I paesaggi di Renato Bruscaglia nella prima mostra al Museo Civico dopo la riapertura

"Come segno di ripartenza dopo il lungo periodo di limitazioni sociali, il Museo Civico delle Cappuccine di Bagnacavallo riapre l’attività espositiva con un progetto che pone al centro uno degli elementi della nostra vita di cui più abbiamo sentito la mancanza in queste settimane: il paesaggio. E lo fa grazie alle opere di un autore di primo piano del Novecento, Renato Bruscaglia, la cui figlia Marta ringraziamo moltissimo a nome dell’intera comunità per la preziosa donazione al nostro museo". Così l’assessore alla Cultura del Comune Monica Poletti introduce la mostra "Renato Bruscaglia. Una donazione per Bagnacavallo", visitabile a partire da venerdì 29 maggio.

La mostra presenta l’importante corpus di acqueforti recentemente donate al museo di Renato Bruscaglia (Urbino 1921 – Bologna 1999), uno dei massimi interpreti del paesaggio del secondo Novecento, la cui opera è stata approfonditamente studiata dal grande storico dell’arte Andrea Emiliani.
I paesaggi di Bruscaglia, benché trovino un riferimento diretto nelle campagne e nelle colline marchigiane, sono a tutti gli effetti l’archetipo del paesaggio italiano, così fortemente caratterizzato dalla stratificazione di arte e cultura. I paesaggi di Bruscaglia non sono semplici vedute, ma d’après nature mediati dall’intelletto. Osservare le sue incisioni significa così ripercorrere la vita, il pensiero, gli orizzonti etici e morali dell’artista. Le opere che da oggi arricchiscono il Gabinetto delle Stampe del Museo Civico permettono di ricostruire con efficacia l’intera parabola artistica di Bruscaglia, dal primo naturalismo degli anni Cinquanta sino alla riduzione e astrazione del segno incisorio tipico dell’attività calcografica degli ultimi anni della vita dell’artista. La mostra presenta inoltre alcuni lavori di ritrattistica realizzati nel primo periodo di attività, in cui si conferma la spiccata sensibilità dell’incisore, in grado di restituire la verità del soggetto facendone emergere le vibrazioni interiori.

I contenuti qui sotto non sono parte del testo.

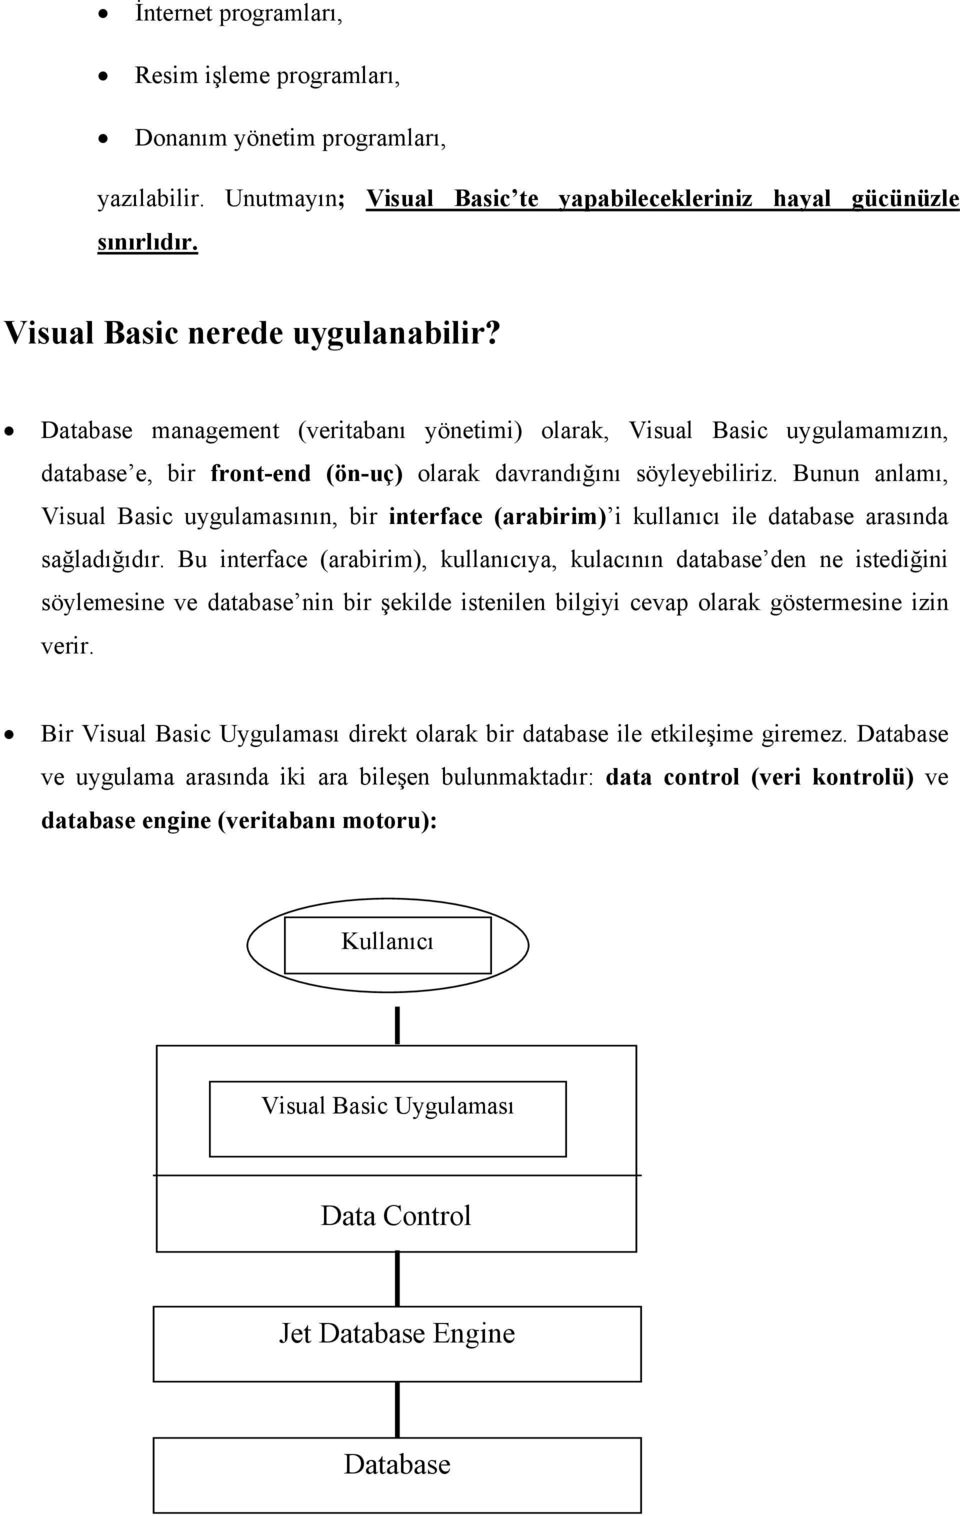 Bunun anlamı, Visual Basic uygulamasının, bir interface (arabirim) i kullanıcı ile database arasında sağladığıdır.
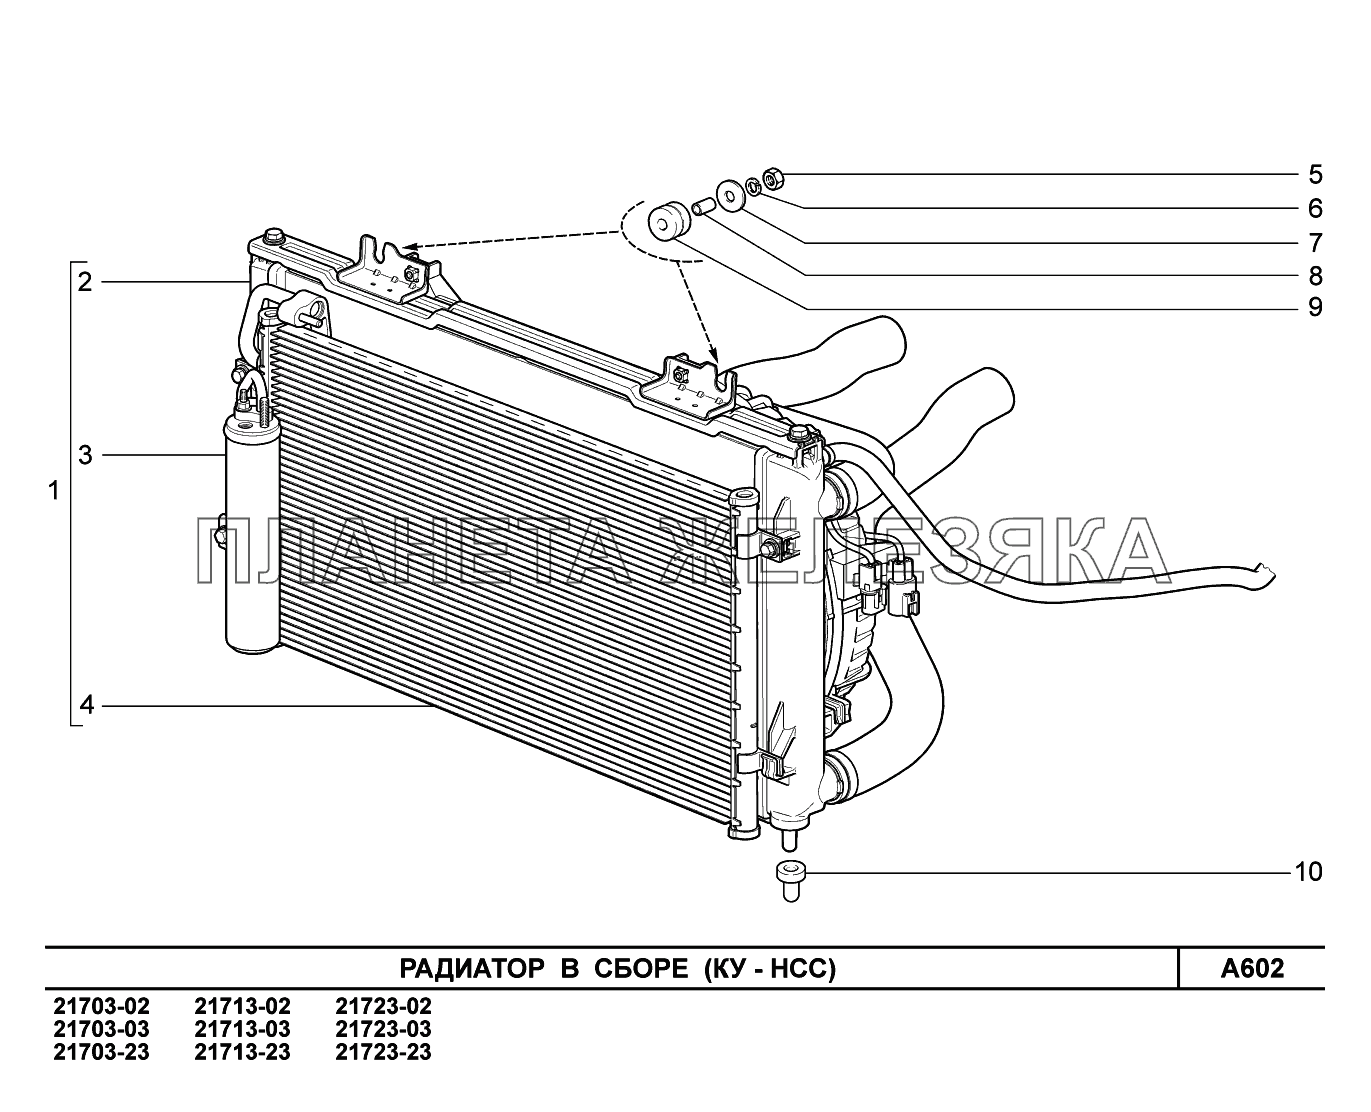 A602. Радиатор в сборе ВАЗ-2170

L’allestimento della mostra, che non prevede un momento di inaugurazione iniziale, sarà  completato da un video in cui il direttore del Museo Civico Diego Galizzi presenterà e racconterà il lungo percorso espressivo dell’artista marchigiano. 
L’esposizione sarà visitabile fino al 12 luglio nei tradizionali orari di apertura del Museo Civico: martedì e mercoledì: 15-18; giovedì: 10-12 e 15-18; venerdì, sabato e domenica: 10-12 e 15-19. Chiusa il lunedì e i post-festivi.
La visita alla mostra e al museo saranno possibili nel rispetto delle disposizioni di distanziamento e indossando la mascherina. I visitatori saranno invitati a seguire un apposito percorso all'interno delle sale e, se necessario, gli accessi saranno contingentati per garantire all'interno degli spazi il rispetto della distanza interpersonale. 
Ingresso gratuito. Il Museo Civico delle Cappuccine è in via Vittorio Veneto 1/a.